Deus e os Detalhes
Uma velha citação diz que Deus está nos detalhes. Uma outra, que a poesia é feita de detalhes e pode ser vida. E ainda, que o poeta, como os cegos, é capaz de enxergar na escuridão.
Esta última, como as demais, leva-nos a Borges, com seus espelhos e labirintos. E sem nenhum esforço, vêm-nos à mente alguns poucos e misteriosos versos do poeta argentino:
Às vezes nas tardes uma cara
Nos mira desde o fundo de um espelho;
A arte deve ser como este espelho
Que nos revela a nossa própria cara.
Conheci um outro menino que se assustava com os espelhos. Porque aquela cara que o mirava desde o fundo do espelho não era a cara dele. E se perguntava: “que cara é esta? Eu não sou esta cara!”.
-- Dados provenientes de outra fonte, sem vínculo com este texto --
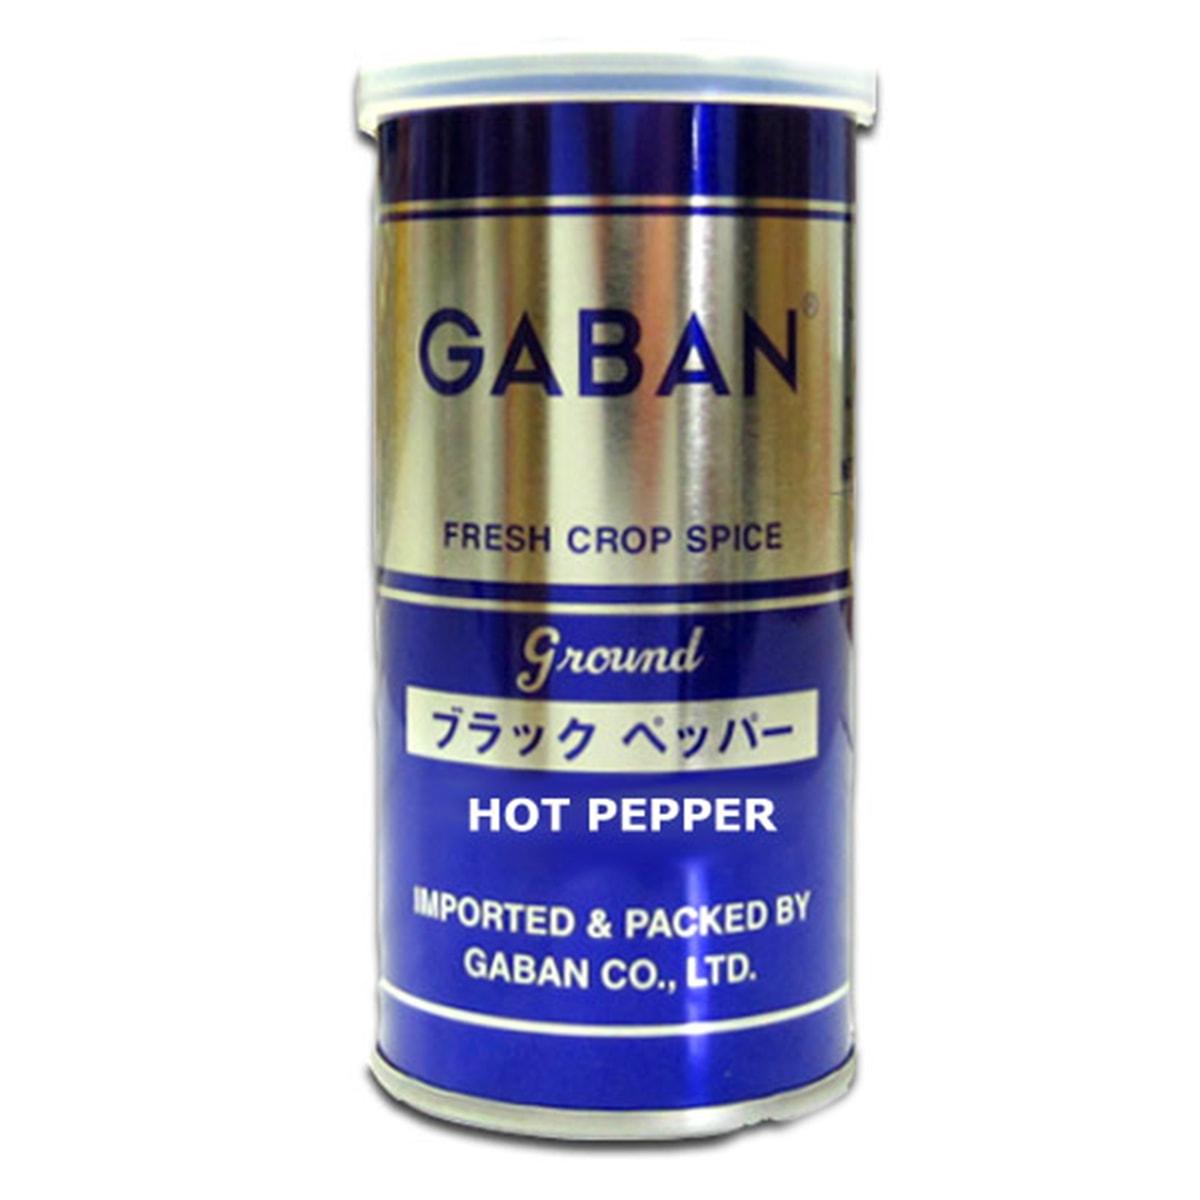 Buy Gaban Sansho Japanese Hot Pepper Ground (Fresh Crop Spice) - 65 gm

A vida haveria de revelá-la.
Então é certo: a poesia é feita de detalhes e pode ser vida. E cada cara traz um enigma, um mistério, uma história, uma herança. Cada uma com uma fisionomia própria, nunca iguais, mesmo as dos gêmeos mais parecidos, como as impressões digitais, um mistério particular, não a cara, mas o que haveria por detrás dela, a fisionomia particular, a expressão metafísica, a verdadeira e desconhecida face.
Detalhe, espelho, Deus, cara. Cada palavra um símbolo-mágico, metáfora-viva. Homem, alma, espírito. Cada qual haverá de decifrá-la.
E sem nenhum esforço da memória, vem-nos à mente Emily Dickynson, novamente, a murmurar:
A palavra morre
Quando é dita,
alguém diz.
Eu digo que ela começa
A viver
Naquele dia.
As palavras não são metáforas-mortas, são vivas que podem e devem evoluir através dos tempos; principalmente as que representam certos conceitos de extrema importância para o ser humano: vida, mente, existência, Deus, felicidade, alma, espírito, inteligência, sensibilidade.
A palavra “pedra”, por exemplo, refere-se a algo físico que conhecemos e pode nos vir à mente no exato momento de ouvi-la.
Quando ouvimos Drummond dizer: “havia uma pedra no caminho”, a sutileza metafísica é gritante; já não é uma pedra física, é mental, um obstáculo a ser removido, um problema a ser resolvido.
A palavra Deus, dependendo de quem a ouça, reporta a uma imagem que vem do conceito que se tenha; pode ser um senhor com uma enorme barba e que vive no céu, ou o próprio Universo com tudo o que nele existe, ou um animal sagrado, o sorriso de uma criança, o gesto generoso de quem nos ajuda, ou uma inteligência maior de onde todas as demais provêm, ou absolutamente nada. A palavra refere-se ao conceito e pode, sim, ser uma metáfora-morta se não evolui com o tempo transformando-se num preconceito.
As palavras, expressões físicas dos pensamentos, são pequenos detalhes com os quais se poderá chegar a Deus ou mergulhar na escuridão.